Des moments difficiles
Yannik découvre alors ses séquelles. Elle doit désormais vivre avec une fatigabilité extrême. Elle explique avoir adopté la «stratégie de la vie en tranches»: une constante alternance entre activités et pauses. L’hyperacousie (perception accrue des sons) et l’hypersensibilité l’accompagnent également au quotidien. Son cerveau est une éponge: «Il prend tout», confie-t-elle. Yannik se sent sans cesse submergée d’informations, cela l’éprouve. Elle doit également gérer des troubles de la concentration et le tout est accompagné de maux de tête et de diverses douleurs constantes. De plus, Yannik souffre d’anosognosie, un trouble qui l’empêche de prendre pleinement conscience de sa nouvelle condition.

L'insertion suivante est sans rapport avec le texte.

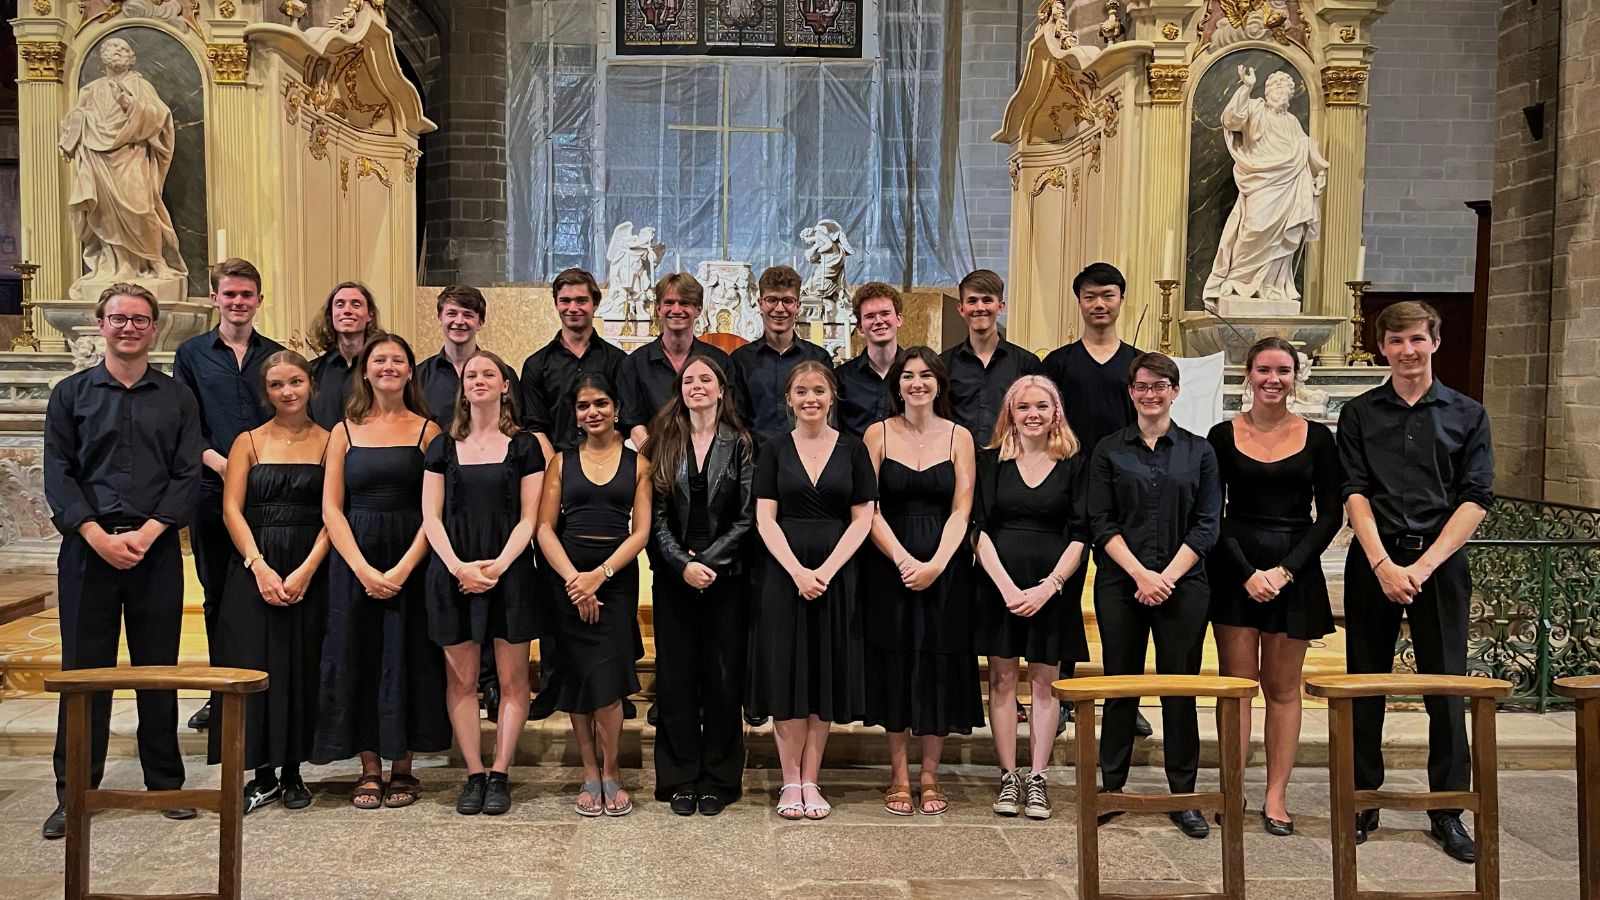 A photo of the LMH Choir performing in a church in France

Malgré cela, elle ne baisse pas les bras et continue à exercer sa profession d’enseignante d’anglais. «Je voulais continuer à travailler. J’adorais mes élèves», explique-t-elle. Les séquelles et la douleur finissent par rattraper l’enseignante. Le verdict des médecins est clair: elle ne peut plus continuer à exercer. «C’est le moment le plus dur de l’histoire», déclare celle qui évoque cette période comme une «sous-vie». Ces moments sont aussi très difficiles pour son mari. Il est frustré car il ne comprend pas la nouvelle vie de sa femme. Ses ami·e·s ont presque tous disparu. La plupart des personnes ne comprennent pas sa nouvelle réalité, car ses lésions sont invisibles. Elle reçoit constamment des remarques telles que «tu as bonne mine, donc ça va» ou «tu n’as qu’à faire un effort».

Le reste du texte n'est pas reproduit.